The room had its own examples. One CMO described a company-wide mandate, driven by headcount constraints, where an internal agent surveys each employee's daily tasks and routes them to Copilot, Claude, or ChatGPT, with required governance training attached. Dan Bejmak, CEO of Thanx partner Dreambox, shared that the company now measures AI proficiency as a KPI in performance reviews. One operator said "tell me what you've been doing the last few months" has become her most useful interview question. It filters out non-AI-fluent candidates immediately.

If you're a leader who feels behind, the room's honest answer is: you probably are, and so is nearly everyone else. The question is whether you build the habit of catching up.

Aaron Newton deep dives into important AI topics for restaurant brands to consider now


Third-party delivery is renegotiable

The most charged conversation of the day was about third-party delivery, and the consensus was more aggressive than anything most operators would say in a vendor meeting.

Several brands shared a similar experience: cutting Uber Eats marketing spend produced little to no decline in Uber Eats sales. Same result with DoorDash. The argument: if you pull paid amplification from a third-party platform and your sales hold, you weren't buying guests. You were paying a tax on guests who would have found you anyway.

Operators in the room reported that DoorDash opened contract negotiations at 12x marketing spend and walked down to 2x under pressure. They reported being misclassified into the wrong vertical and having to push for reallocation. Leaders at these platforms have openly acknowledged throttling organic listings based on marketing-spend commitments. And committed marketing minimums signed before platforms unilaterally added new transaction fees are now leverage for declining to fund those commitments.

The principle underlying all of it: third-party delivery should solve first-party sales problems you genuinely can't solve on your own, not prop up the broader business. If you have first-party demand, build on it. If you don't, the problem is upstream of your delivery contract.

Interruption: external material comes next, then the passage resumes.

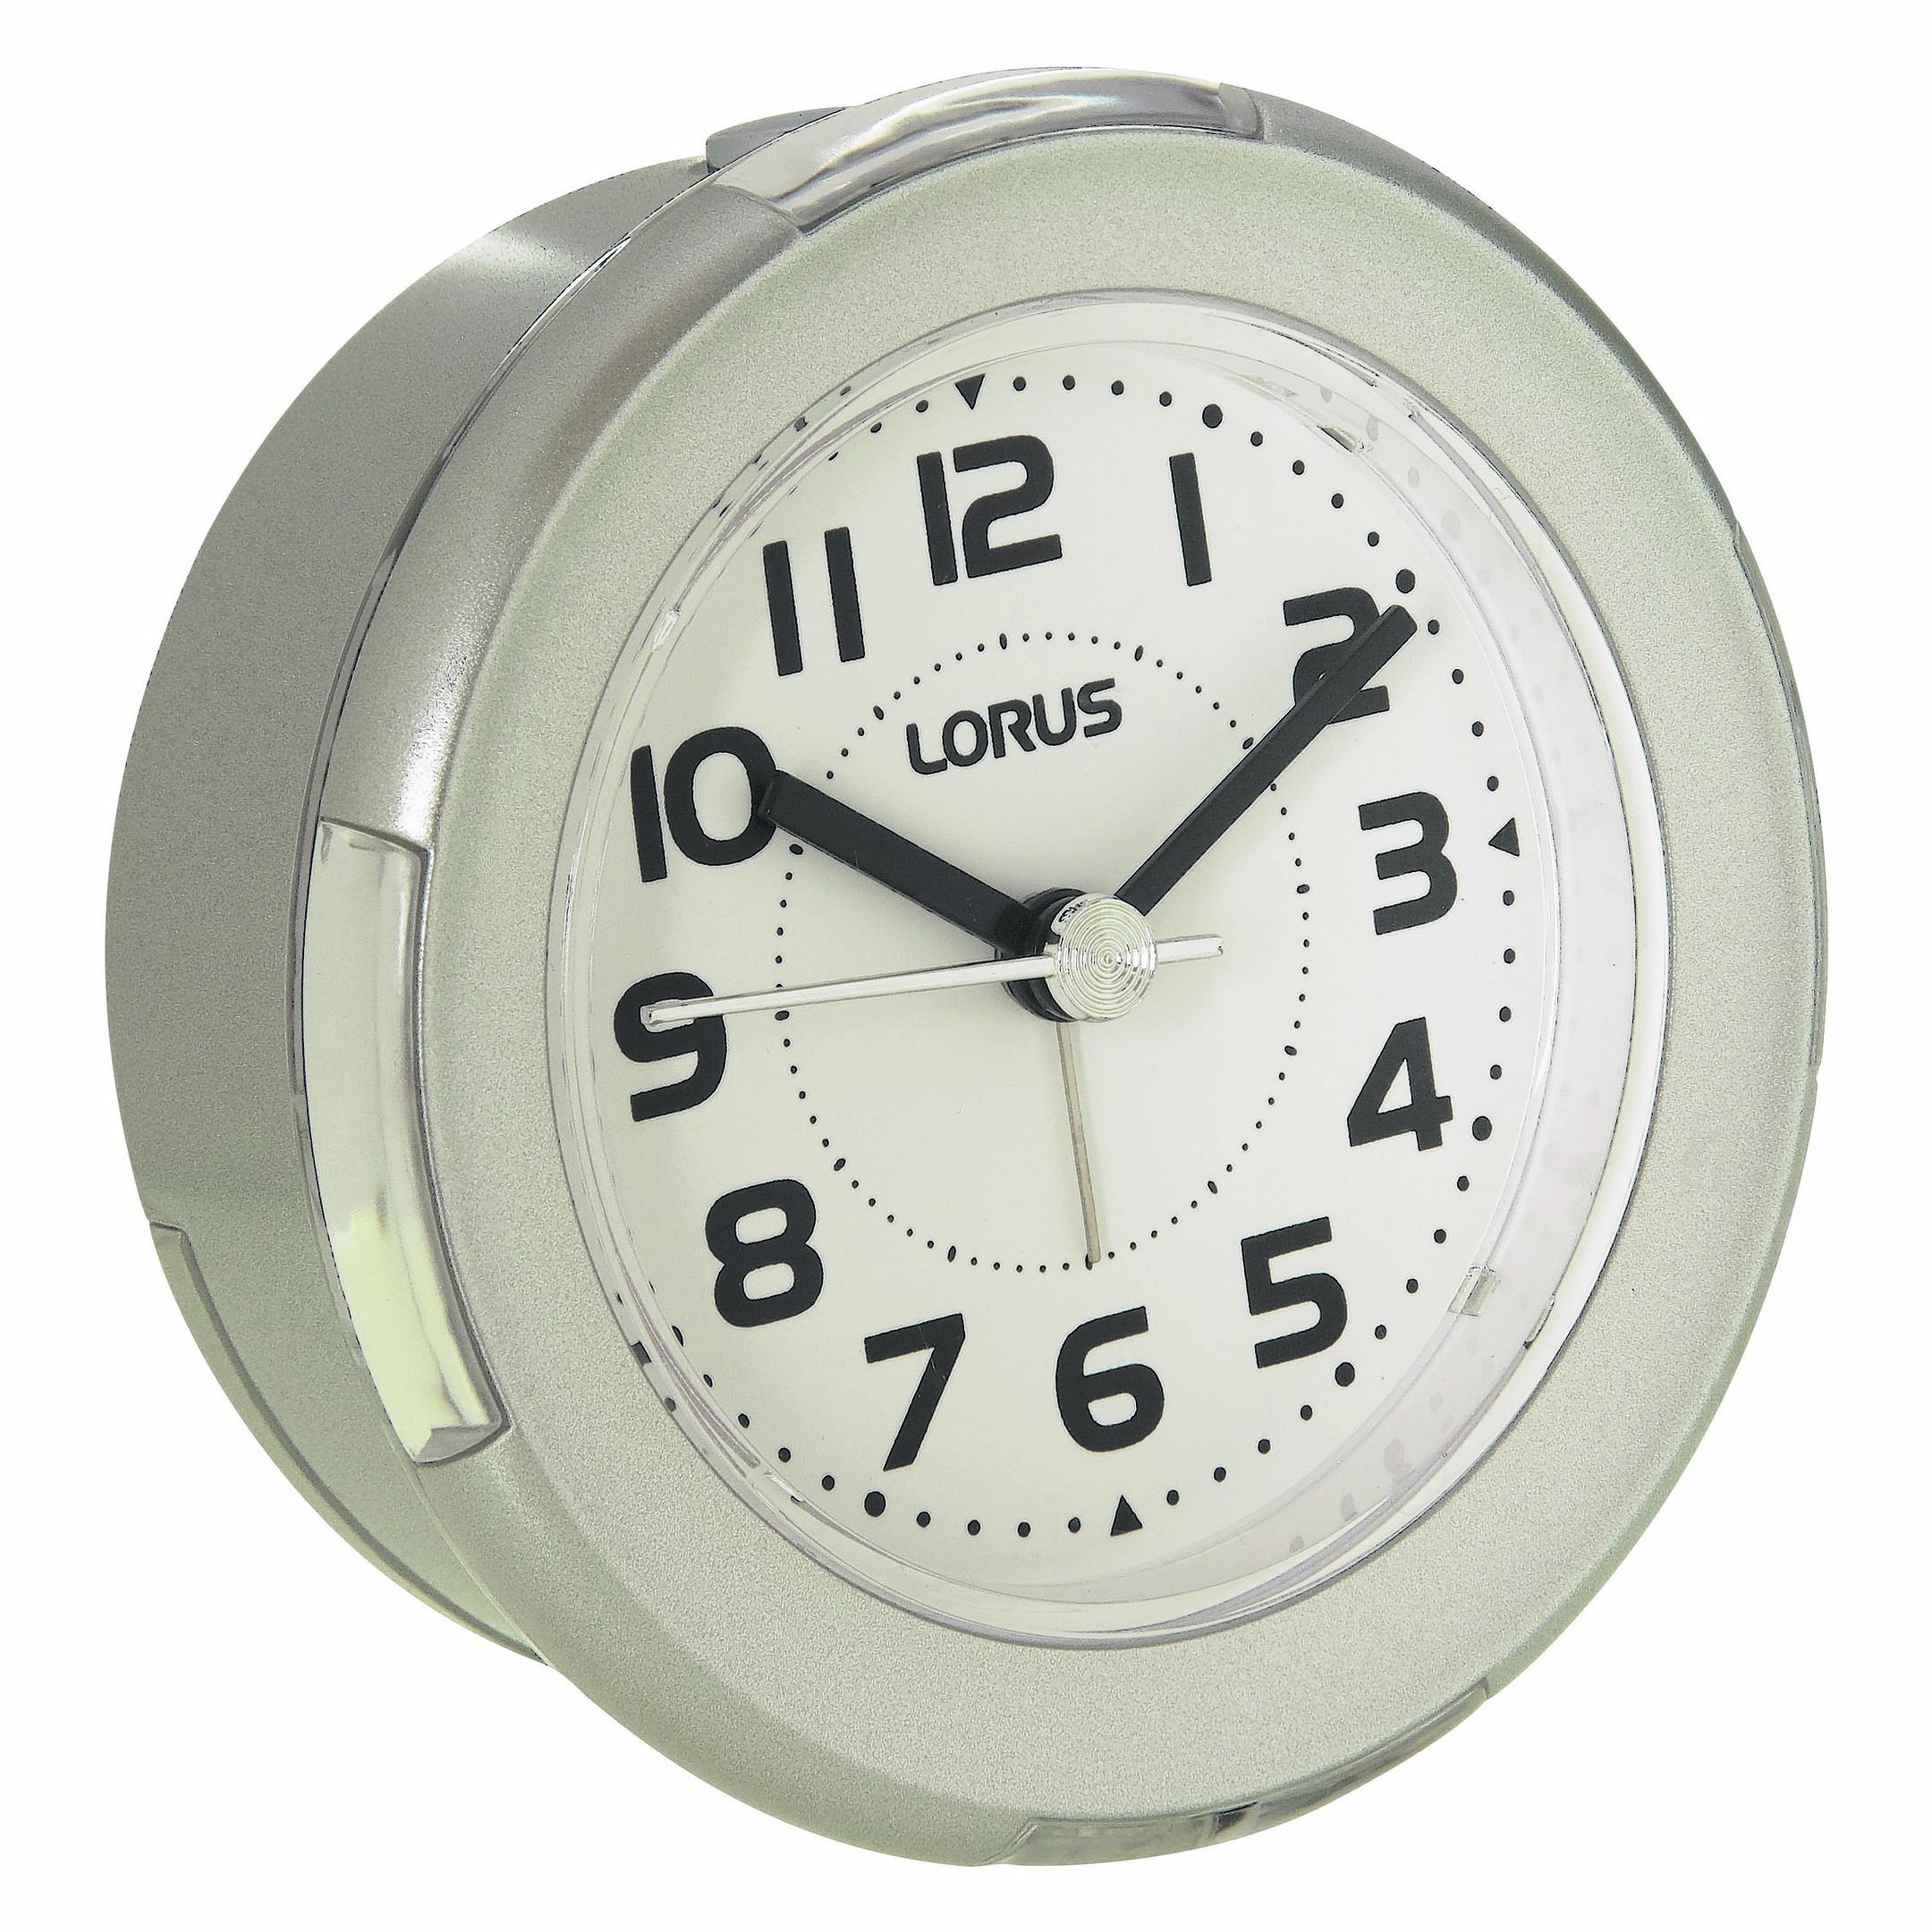 GADGETS Alarm Clocks 092350

The format itself is a finding

The conference industry has built itself around scale: 5,000-person events, sponsor-driven panel selection, exhibit halls optimized for badge scans. The UNconference is a different argument: 45 people, no panels, mics at every table, and an explicit invitation to challenge each other.

What that produced were the conversations operators want to have but rarely get to have in public. People shared the parts of their programs that aren't working. They debated points expiration windows, catering loyalty mechanics, and whether to allow franchisees to send their own emails. They shared contract language they'd successfully renegotiated with delivery platforms.

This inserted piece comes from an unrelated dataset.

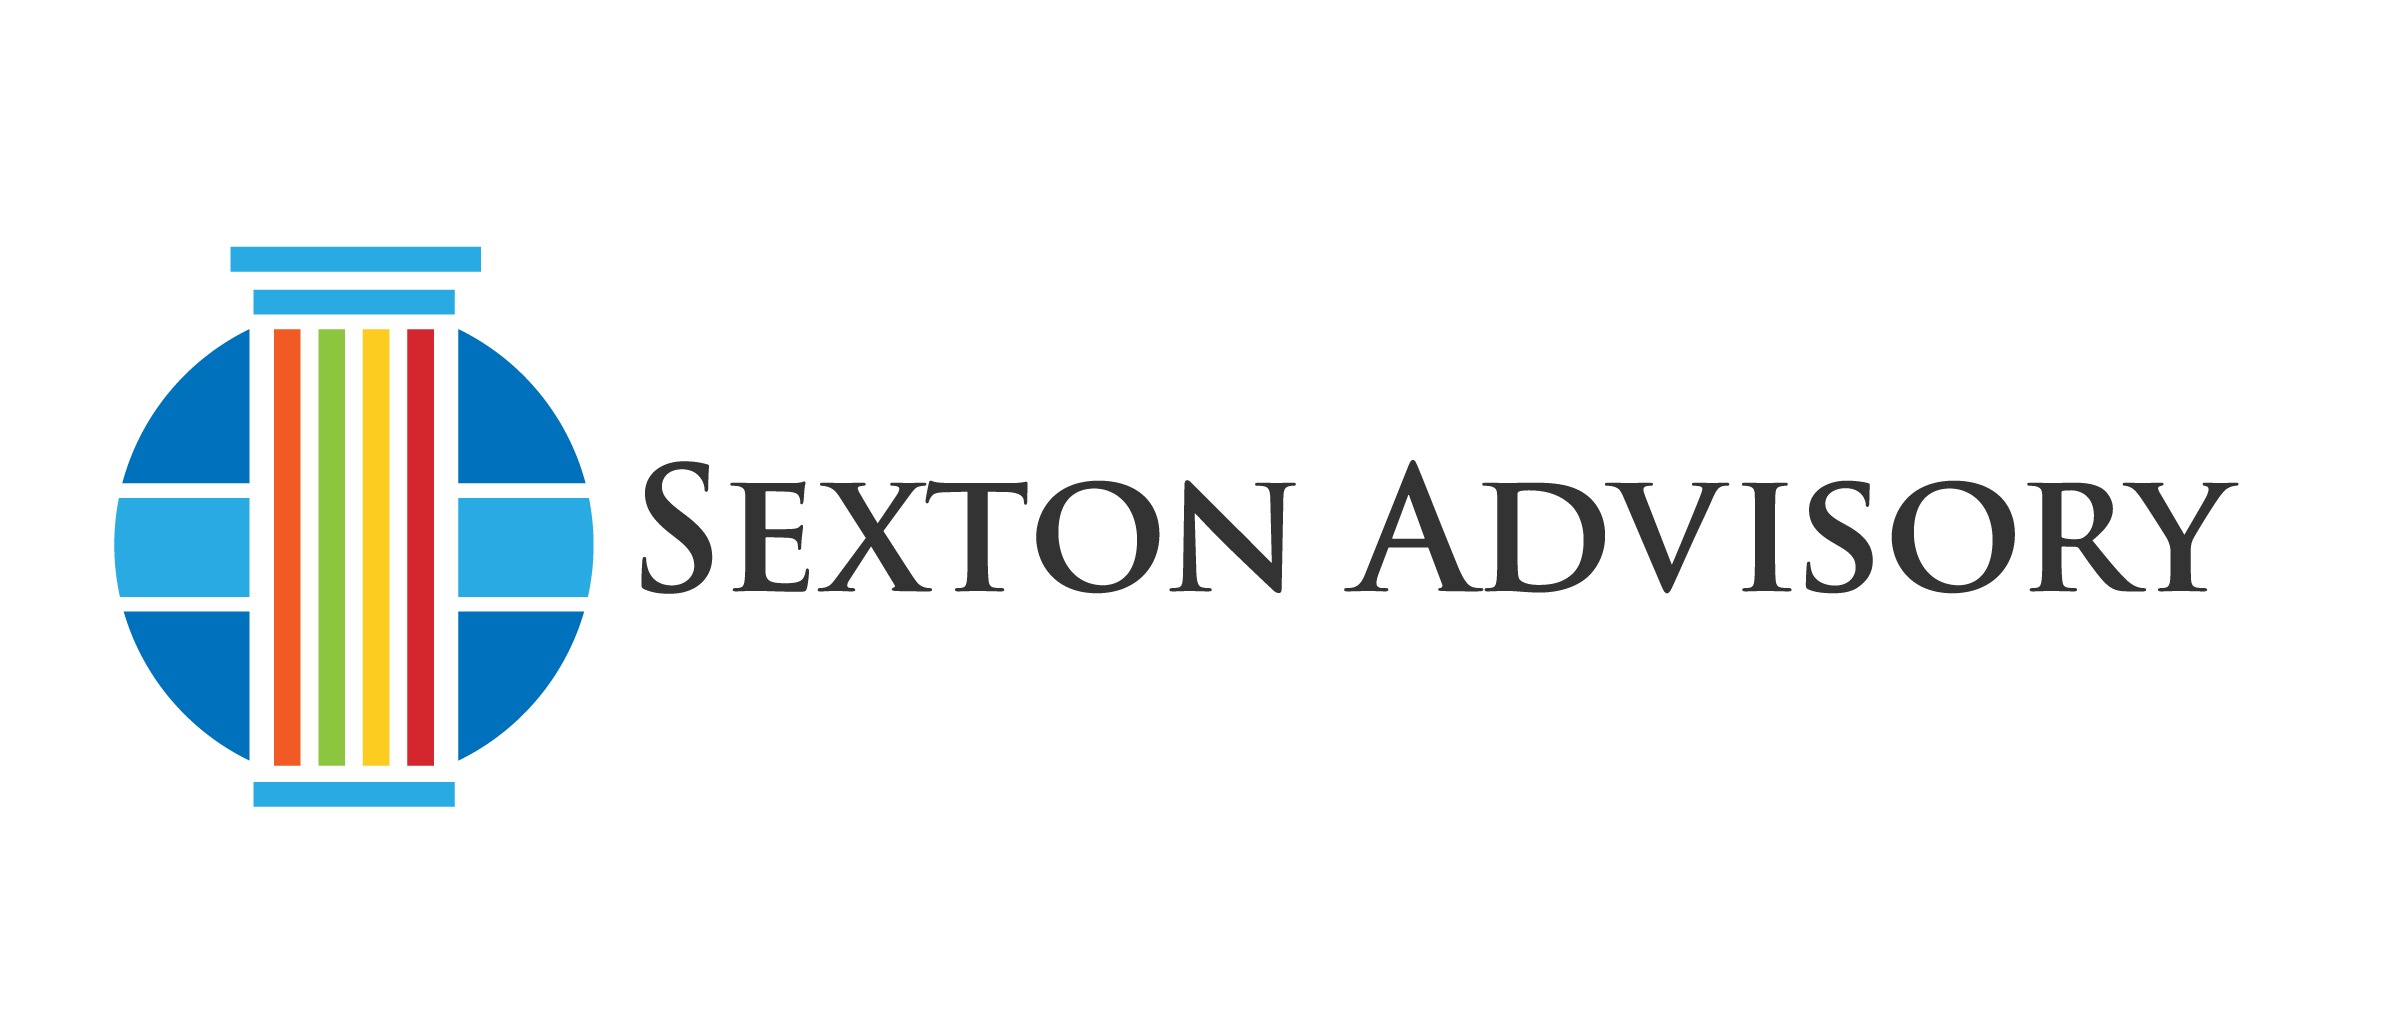 Sexton Advisory

That quality of conversation is hard to manufacture. It requires a small enough room that no one can hide, a guest list with genuinely different perspectives, and a host willing to let the room determine what the day is worth.

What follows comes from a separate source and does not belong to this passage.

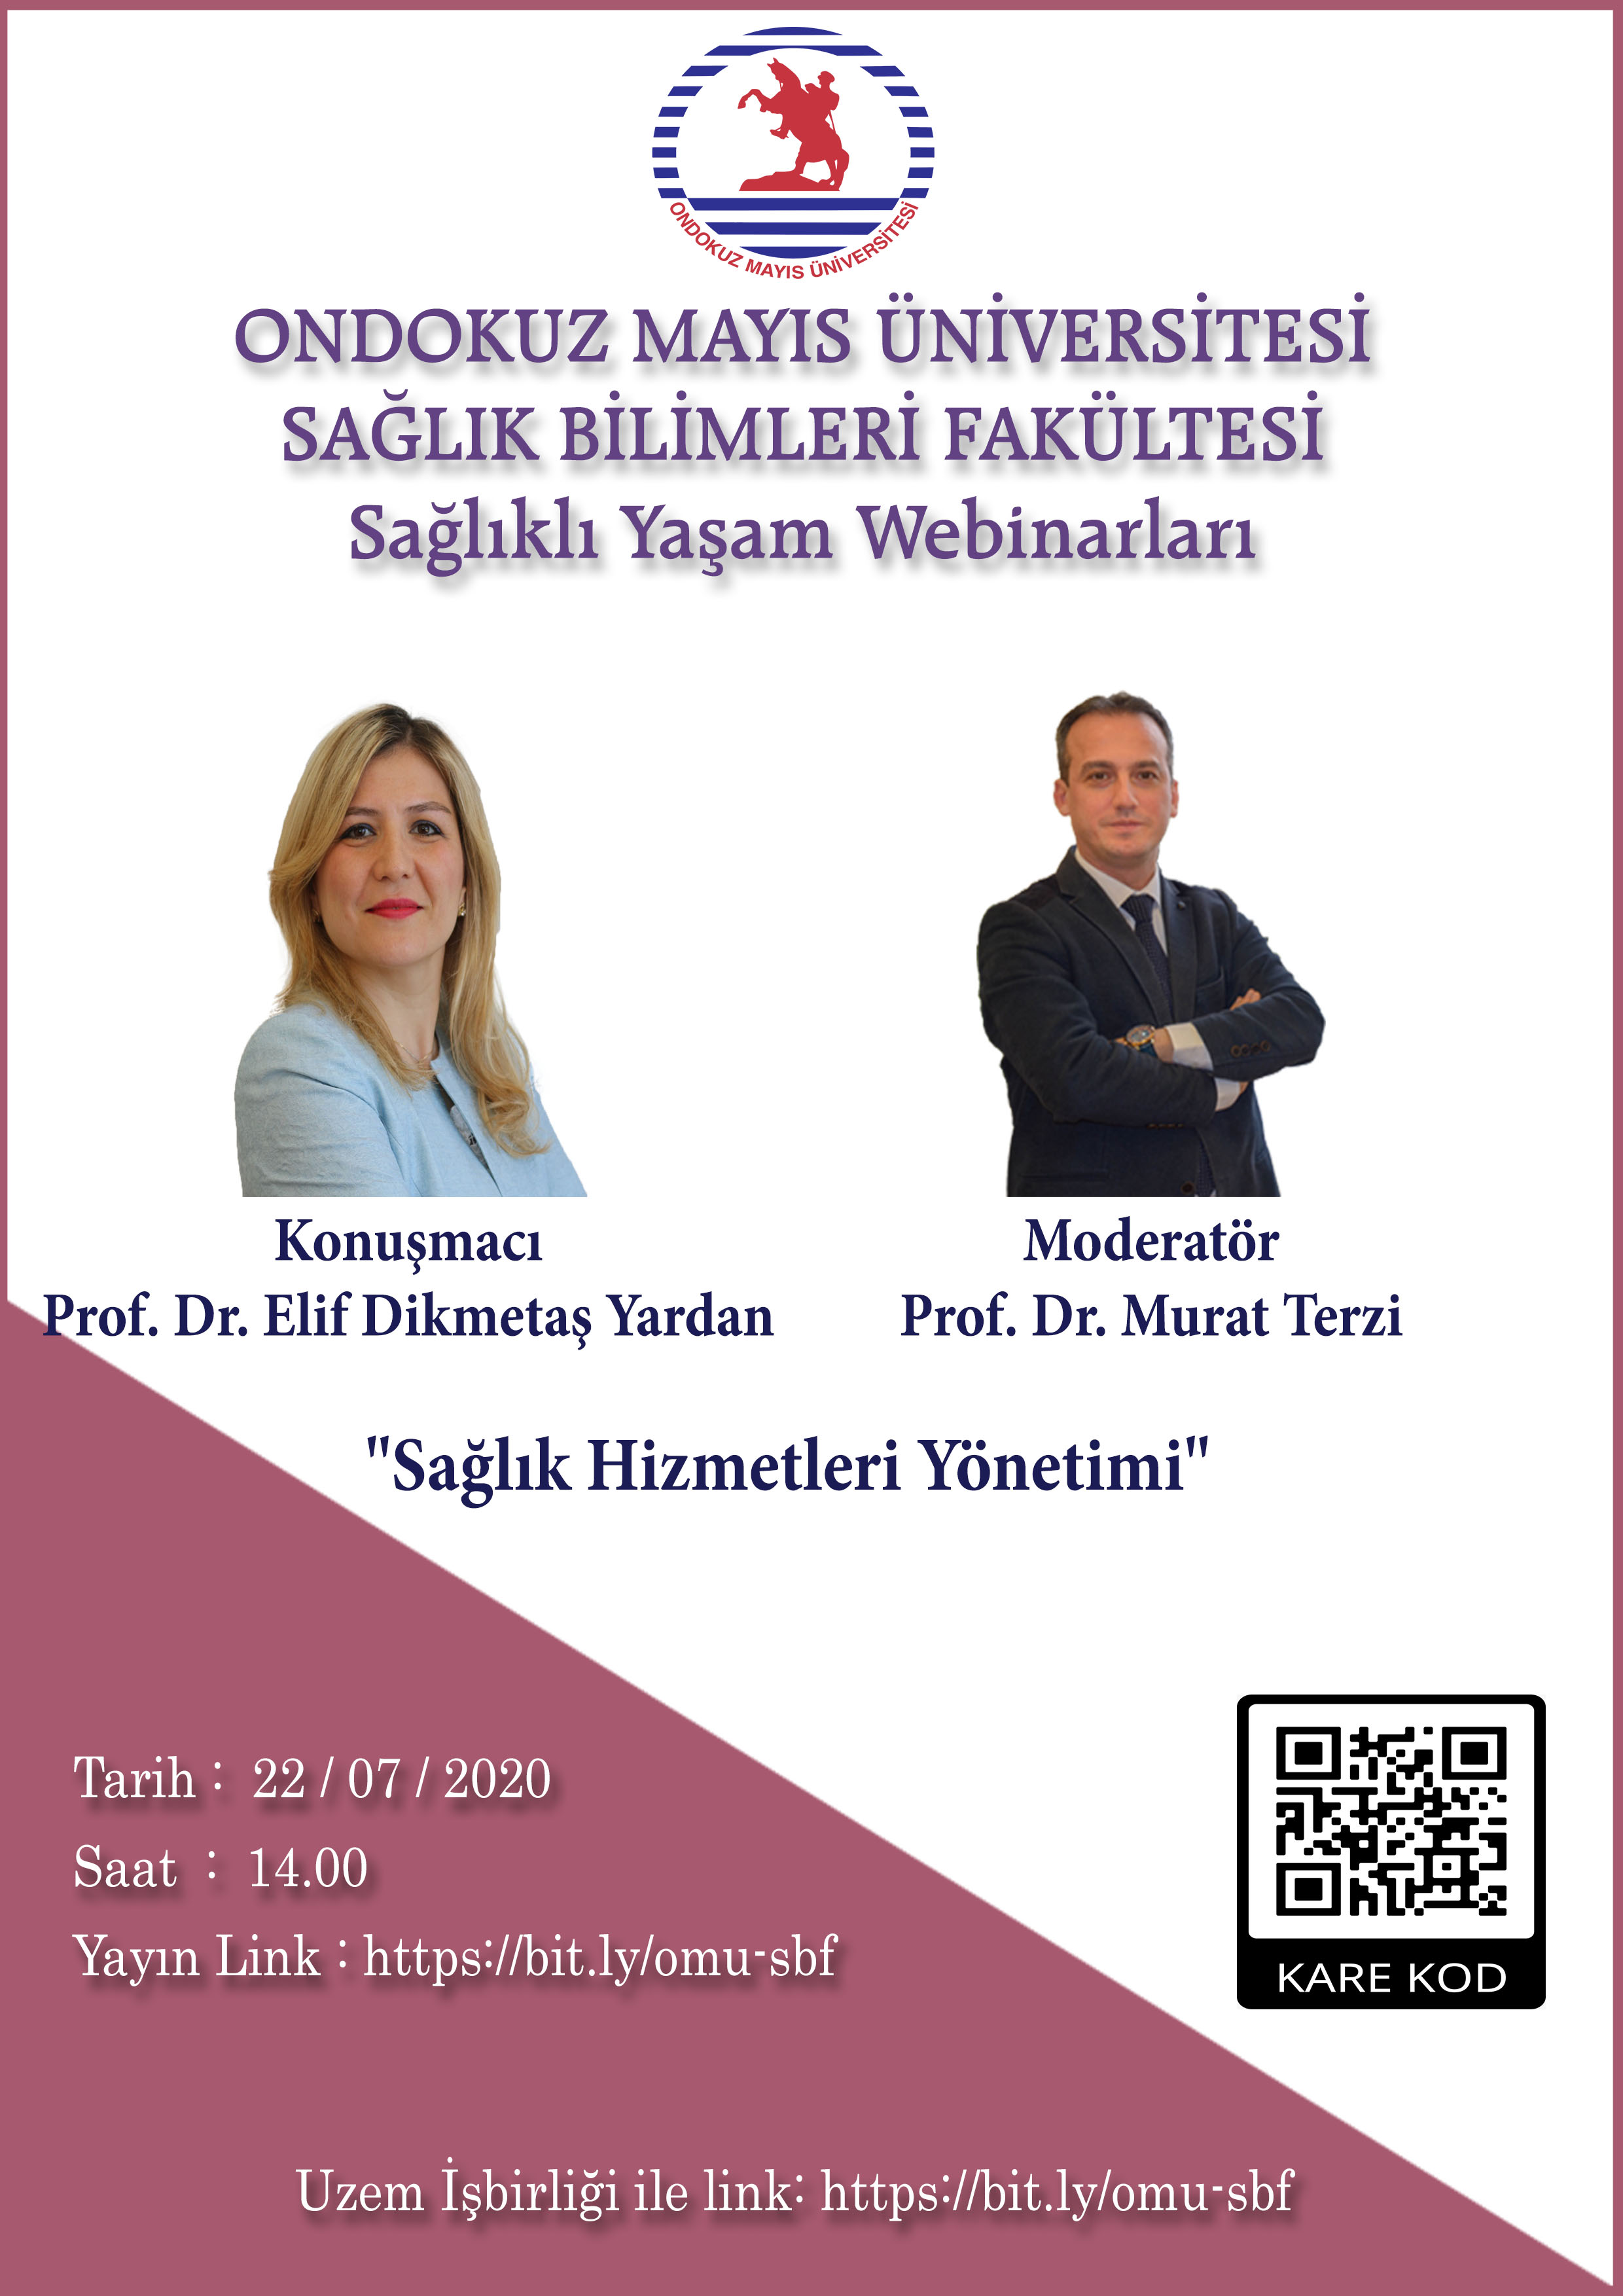 http://www.omu.edu.tr/sites/default/files/saglikli_yasam_webinarlari_-_3.jpg

Five things we're taking forward

  • Move the scorecard. Enrollment counts and member-vs-non-member averages are not enough. The metrics that matter are the ones that can go down.
  • Test before you scale. A/B testing creates the receipts you need to get the rest of the organization aligned.
  • Build beyond discounts. Convenience, access, personalization, and recovery are underused across almost every brand in the room.
  • Operations is the partner, not the audience. Loyalty is a company priority or it isn't one at all.
  • AI is table stakes now. Build the habit of learning it or accept that the gap will keep growing.

We'll see how it holds up next April.